Every matrix in \(U+W\) has the form

\begin{align*} \left[ \begin{array}{cc} u \amp -u-x\\ 0 \amp x \end{array} \right] \amp + \left[ \begin{array}{cc} v \amp 0\\ w \amp -v \end{array} \right] = \left[ \begin{array}{cc} u+v \amp -u-x\\ w \amp x-v \end{array} \right]\\ \amp = u\left[ \begin{array}{cr} 1 \amp -1\\ 0 \amp 0 \end{array} \right] + x\left[ \begin{array}{cr} 0 \amp -1\\ 0 \amp 1 \end{array} \right]\\ \amp \qquad + v\left[ \begin{array}{cr} 1 \amp 0\\ 0 \amp -1 \end{array} \right] + w\left[ \begin{array}{cc} 0 \amp 0\\ 1 \amp 0 \end{array} \right]\text{.} \end{align*}

Let \(S = \left\{ \left[ \begin{array}{cr} 1 \amp -1 \\ 0 \amp 0 \end{array} \right], \left[ \begin{array}{cr} 0 \amp -1 \\ 0 \amp 1 \end{array} \right], \left[ \begin{array}{cr} 1 \amp 0 \\ 0 \amp -1 \end{array} \right], \left[ \begin{array}{cc} 0 \amp 0 \\ 1 \amp 0 \end{array} \right] \right\}\text{.}\) Then \(U+W = \Span \ S\) and \(U+W\) is a subspace of \(\M_{2 \times 2}\text{.}\) If

\begin{equation*} c_1\left[ \begin{array}{cr} 1 \amp -1 \\ 0 \amp 0 \end{array} \right] + c_2\left[ \begin{array}{cr} 0 \amp -1 \\ 0 \amp 1 \end{array} \right] + c_3\left[ \begin{array}{cr} 1 \amp 0 \\ 0 \amp -1 \end{array} \right] + c_4\left[ \begin{array}{cc} 0 \amp 0 \\ 1 \amp 0 \end{array} \right] = 0\text{,} \end{equation*}

then

\begin{align*} {}c_1 \amp {} \amp {} \amp {}+{} \amp {}c_3 \amp {} \amp {} \amp = \amp 0\amp {}\\ {-}c_1 \amp {}-{} \amp {}c_2 \amp {} \amp {} \amp {} \amp {} \amp = \amp 0\amp {}\\ {} \amp {} \amp {} \amp {} \amp {} \amp {} \amp {}c_4 \amp = \amp 0\amp {}\\ {} \amp {} \amp {}c_2 \amp {}-{} \amp {}c_3 \amp {} \amp {} \amp = \amp 0\amp {.} \end{align*}

The reduced row echelon form of \(\left[ \begin{array}{rrrc} 1\amp 0\amp 1\amp 0 \\ -1\amp -1\amp 0\amp 0 \\ 0\amp 0\amp 0\amp 1 \\ 0\amp 1\amp -1\amp 0 \end{array} \right]\) is \(\left[ \begin{array}{ccrc} 1\amp 0\amp 1\amp 0 \\ 0\amp 1\amp -1\amp 0 \\ 0\amp 0\amp 0\amp 1 \\ 0\amp 0\amp 0\amp 0 \end{array} \right]\text{.}\) The vectors that correspond to the pivot columns are linearly independent and span \(U+W\text{,}\) so a basis for \(U+W\) is

\begin{equation*} \left\{ \left[ \begin{array}{cr} 1 \amp -1 \\ 0 \amp 0 \end{array} \right], \left[ \begin{array}{cr} 0 \amp -1 \\ 0 \amp 1 \end{array} \right], \left[ \begin{array}{cc} 0 \amp 0 \\ 1 \amp 0 \end{array} \right] \right\}\text{.} \end{equation*}

Subsection Summary

The important idea in this section is that of a basis for a vector space. A basis is a minimal spanning set and another equivalent characterization of the “minimal” property is linear independence.

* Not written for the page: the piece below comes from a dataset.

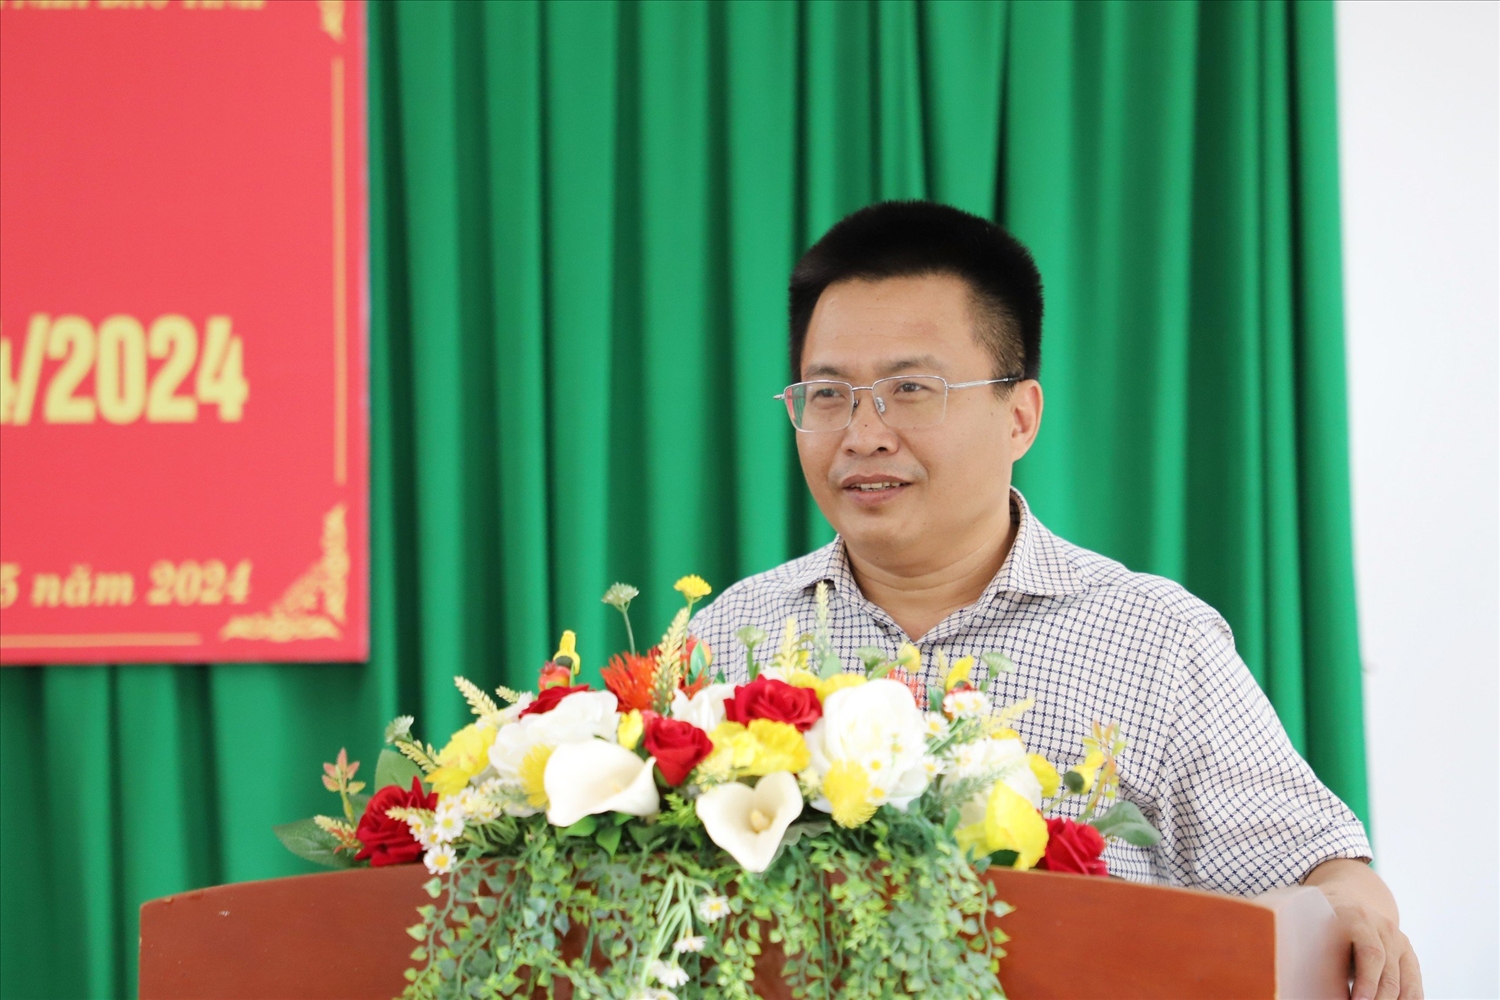 Phó Giám đốc Sở Nông nghiệp và Phát triển nông thôn tỉnh Đắk Nông Lê Quang Dần báo cáo tại hội nghị

  • A set \(\{\vv_1, \vv_2, \ldots, \vv_k\}\) of vectors in a vector space \(V\) is linearly independent if the vector equation

    \begin{equation*} x_1 \vv_1 + x_2 \vv_2 + \cdots + x_k \vv_k = \vzero \end{equation*}

    for scalars \(x_1, x_2, \ldots, x_k\) has only the trivial solution

    \begin{equation*} x_1 = x_2 = x_3 = \cdots = x_k = 0\text{.} \end{equation*}

    If a set of vectors is not linearly independent, then the set is linearly dependent.

  • A set \(\{\vv_1, \vv_2, \ldots, \vv_k\}\) of vectors in a vector space \(V\) is linearly independent if and only if none of the vectors in the set can be written as a linear combination of the remaining vectors in the set.

  • A set \(\{\vv_1, \vv_2, \ldots, \vv_k\}\) of vectors in a vector space \(V\) is linearly dependent if and only if at least one of the vectors in the set can be written as a linear combination of the remaining vectors in the set.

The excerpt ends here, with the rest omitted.